Scrivere di vera informazione è
un'impresa ardua, specie se l'argomento tocca l'ordinamento dello
Stato, specie se i fatti di cui si tratta sono intrinsecamente
gravissimi tanto da minacciare la stessa credibilità delle
Istituzioni mostrandone un degrado (forse) irreversibile.
Omettere di scrivere, pratica
abbastanza diffusa (pare), consente una vita più tranquilla, orari
regolari e, in alcuni casi, anche prestigiose poltrone ben
remunerate.
Se non fosse per quel tarlo che...
trick trick trick, appena si smette di correre dietro alle molte
urgenze della vita moderna, provoca un fastidio così terribile da
doverlo tacitare in qualche modo.
Nella certezza che esistano modi
diversi e meno autolesivi di procedere, è evidente che molti
colleghi giornalisti pubblicisti ed anche professionisti devono
conoscerli a fondo, resto in attesa che qualche anima pia spieghi
come si estirpa quel fastidioso parassita ma, nell'attesa, per porre
fine al tormento non resta che chiudergli (al tarlo... ovviamente) la
bocca e scrivere, scrivere, scrivere finché ne abbiano abbastanza da
arrendersi.
C'era una volta un tribunale in cui un
magistrato (o forse più d'uno) non depositava le sentenze: diciamo
più di cento, questo è certo.

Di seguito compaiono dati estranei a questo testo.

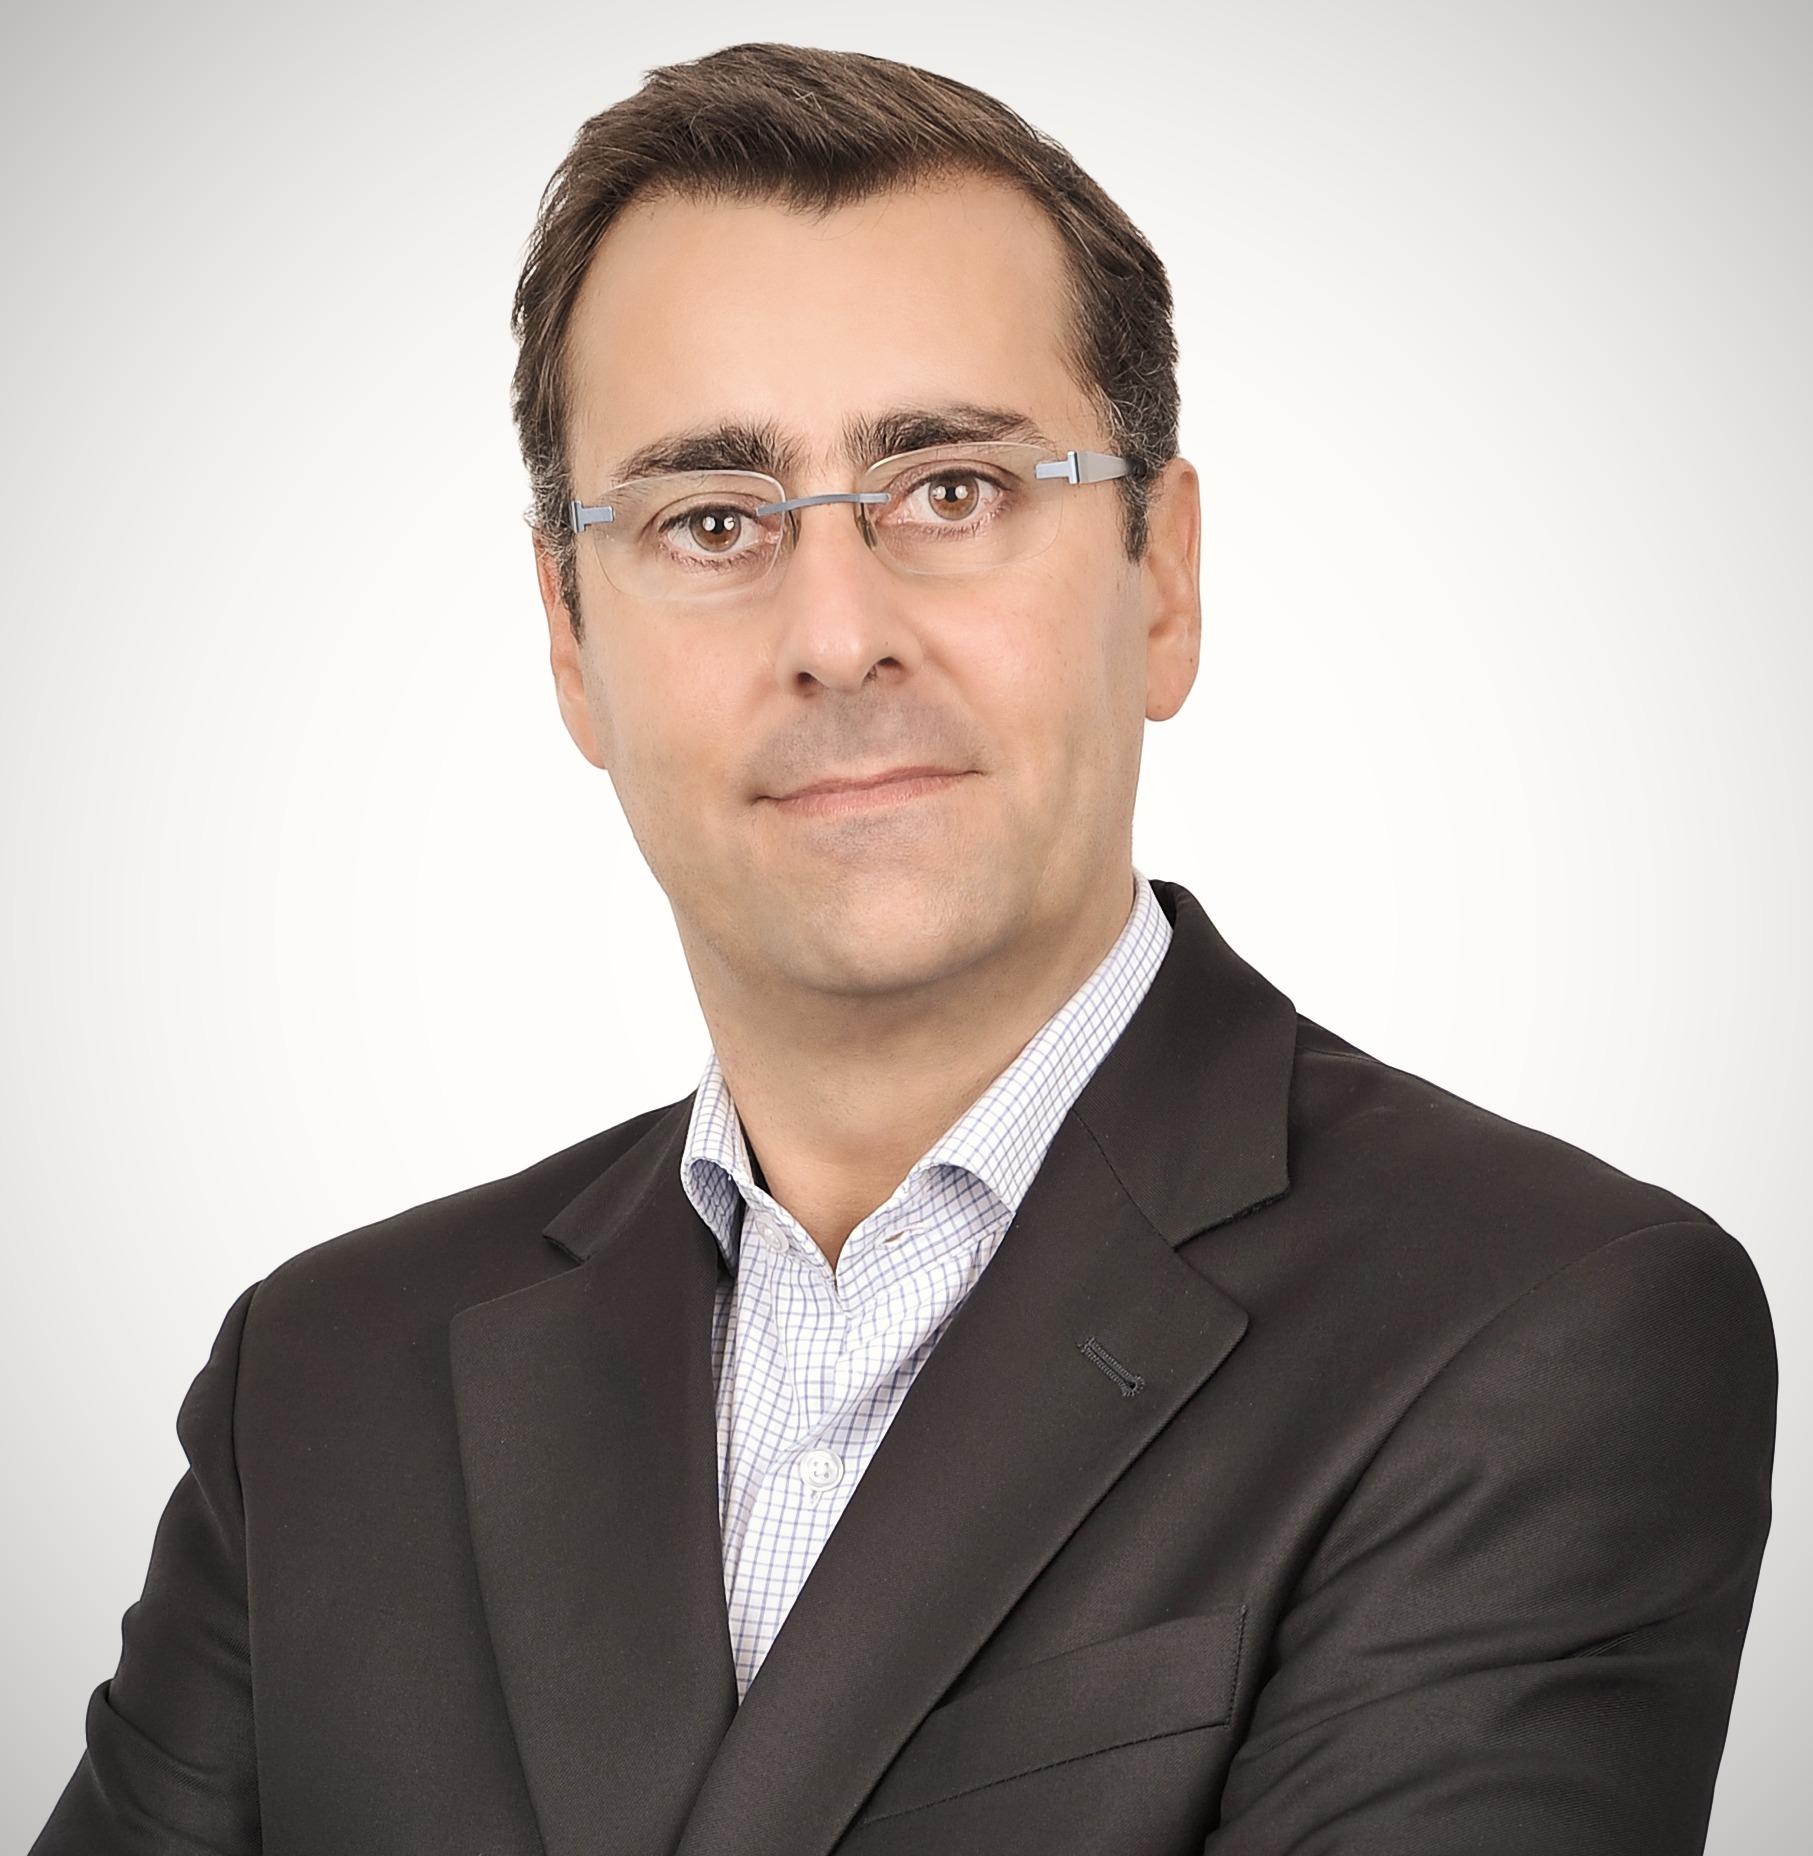 Jorge Tavares D'Almeida

Quanto di più? Non è dato sapere.
Diciamo che un giornalista ne abbia
sentore e chieda conferma al Presidente della Corte d'Appello e che
la conferma arrivi veloce e precisa. Precisa? Non proprio! Le
sentenze non depositate per cui è trascorso più del triplo del
tempo massimo previsto per il loro deposito, sono più di cento.
Quanto di più? Non è dato sapere.
Per un magistrato, deve passare più
del triplo del tempo massimo previsto per il deposito prima che si
possa parlare di grave ritardo. Se è passato solo il doppio oppure
una volta e mezza il ritardo non è grave, diciamo come una sorta di
quarto d'ora accademico che può durare anche nove mesi. Sappiamo
invece cosa succede se paghiamo una multa con un giorno di ritardo
rispetto alla scadenza, ed anche cosa succede se la paghiamo con nove
mesi di ritardo. Così la multa e così le tasse, il canone RAI ed
ogni cosa che abbia una scadenza per il quisque de populo.
Allora, torniamo alle sentenze non
depositate, chi è il protagonista di questo capolavoro? Il
Presidente della Corte d'Appello non lo dice. Nemmeno lo dice
l'Ufficio Ispettivo del Ministero della Giustizia con una motivazione
chiara: per la tutela della privacy del/dei magistrato/i.
Un magistrato non ha depositato “più
di cento sentenze”, (quante? Non si sa, potrebbero essere anche
trecento?) e non si può conoscere il suo nome? E non si può sapere
cosa stia facendo l'Ufficio Ispettivo del Ministero per sanzionare
codesto scansafatiche?
Allora, torniamo alle sentenze! Chi ha
tratto giovamento e chi nocumento da questa lasciva pratica?
Ma anche questo non si può sapere,
poiché anche rivelare l'elenco dei procedimenti penali costituisce
violazione della privacy del/dei magistrati? E la privacy degli
imputati, delle parti offese, e la credibilità del sistema
giudiziario non meritano forse tutela? E chi garantisce il controllo
dei controllori se non il giornalismo d'inchiesta?
Sembra paradossale, ma senza avere
alcun potere reale, un solo giornalista può scoprire che una intera
struttura giudiziaria nasconde le gravissime responsabilità di un
magistrato e di quanti lo “coprono” e viene da chiedersi perché.
Questi quesiti ed altri più specifici
sono stati formalmente proposti delle massime autorità dello Stato
Italiano ed ai responsabili del governo della magistratura il 12
marzo 2017, nessuno ha risposto sino ad oggi!